We compared CHOD with RICA. Their receiver operating characteristic (ROC) curves under each true graph are shown in Figure S5(d) and S5(e) in the Supplementary Materials, respectively. In both cases, CHOD's performance deteriorated as the degree of heterogeneity \emph{decreased}; by contrast, RICA's performance deteriorated as the degree of heterogeneity \emph{increased}. Not surprisingly, when the data were completely homogeneous, CHOD was no better than a random guess in the three-node graph. However, somewhat surprisingly, in the four-node graph, CHOD still performed reasonably well even when the data were homogeneous.
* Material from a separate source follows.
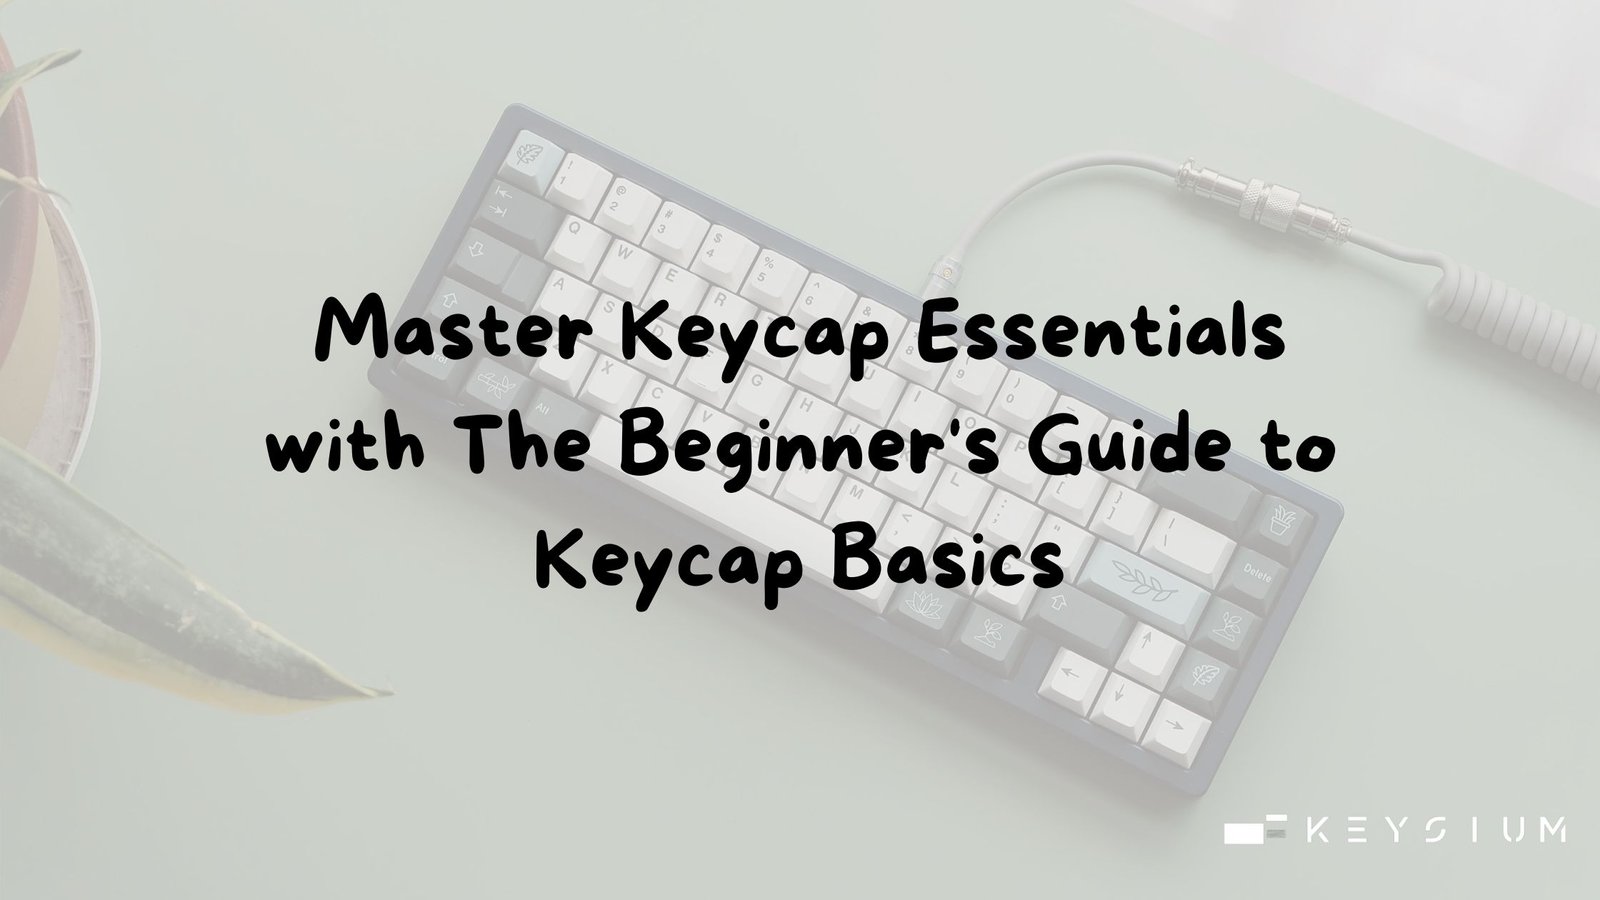 Master Keycap Essentials with The Beginner’s Guide to Keycap Basics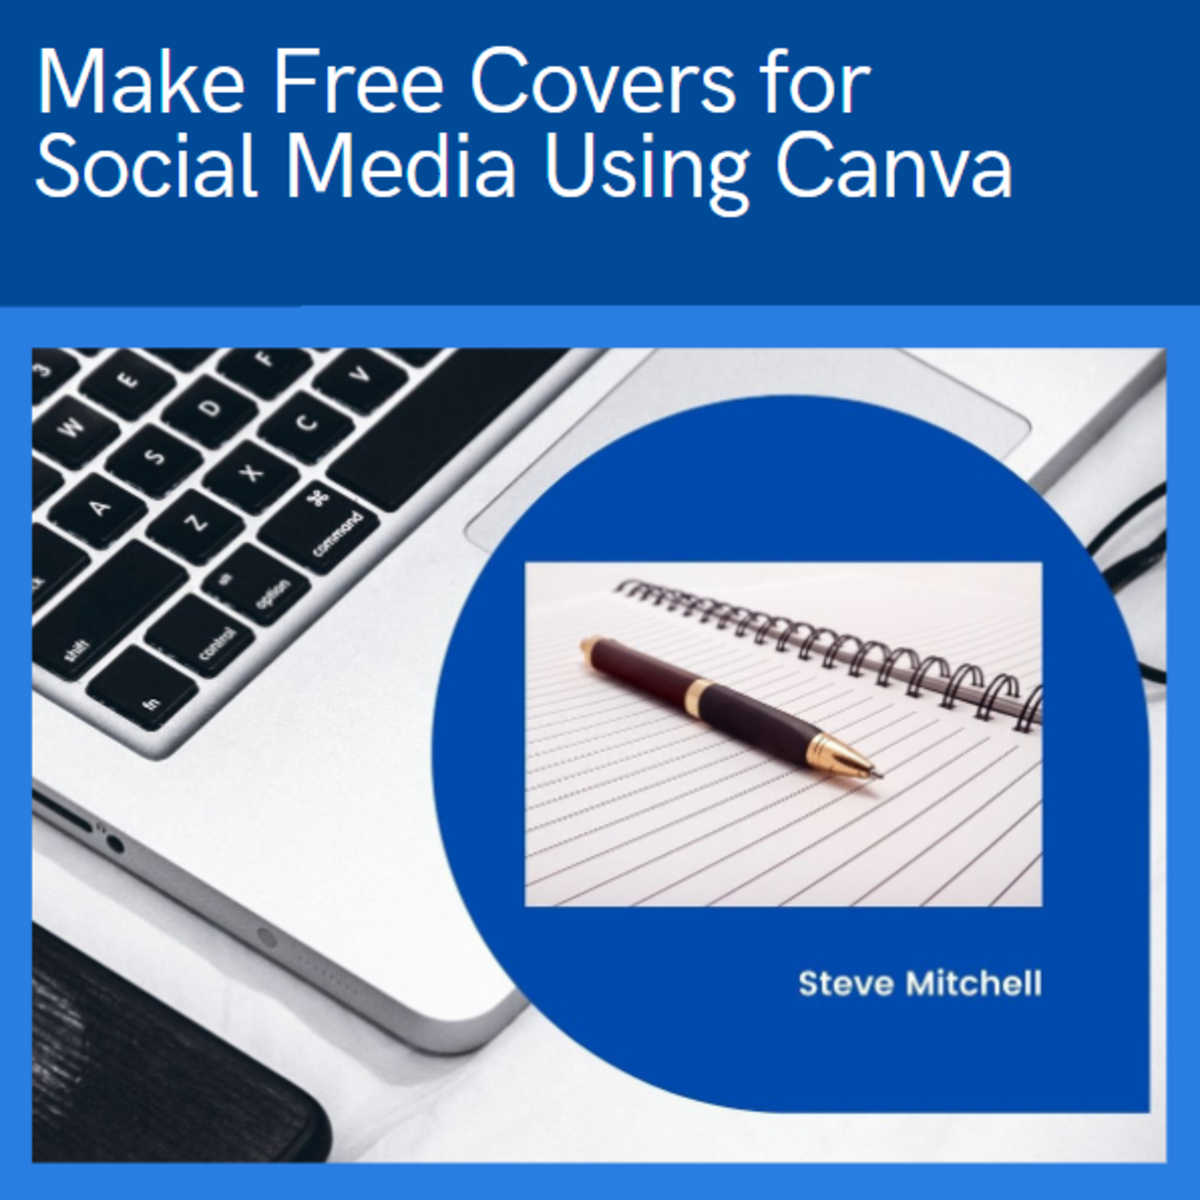 Make Free Covers for Social Media Using Canva

For instance, the worst area under the ROC curve were 0.865 and 0.789 for CHOD and RICA, respectively. Also note that, given sufficient degrees of heterogeneity, CHOD performed reasonably well despite the non-Gaussianity and nonlinear confounding. For further comparison, we reran the analyses on data generated with Gaussian noises (keeping everything else the same). The results are shown in S5(g) and S5(e) in the Supplementary Materials. RICA were close to random guesses in both graphs whereas CHOD thrived on heterogeneity, especially in the four-node graph.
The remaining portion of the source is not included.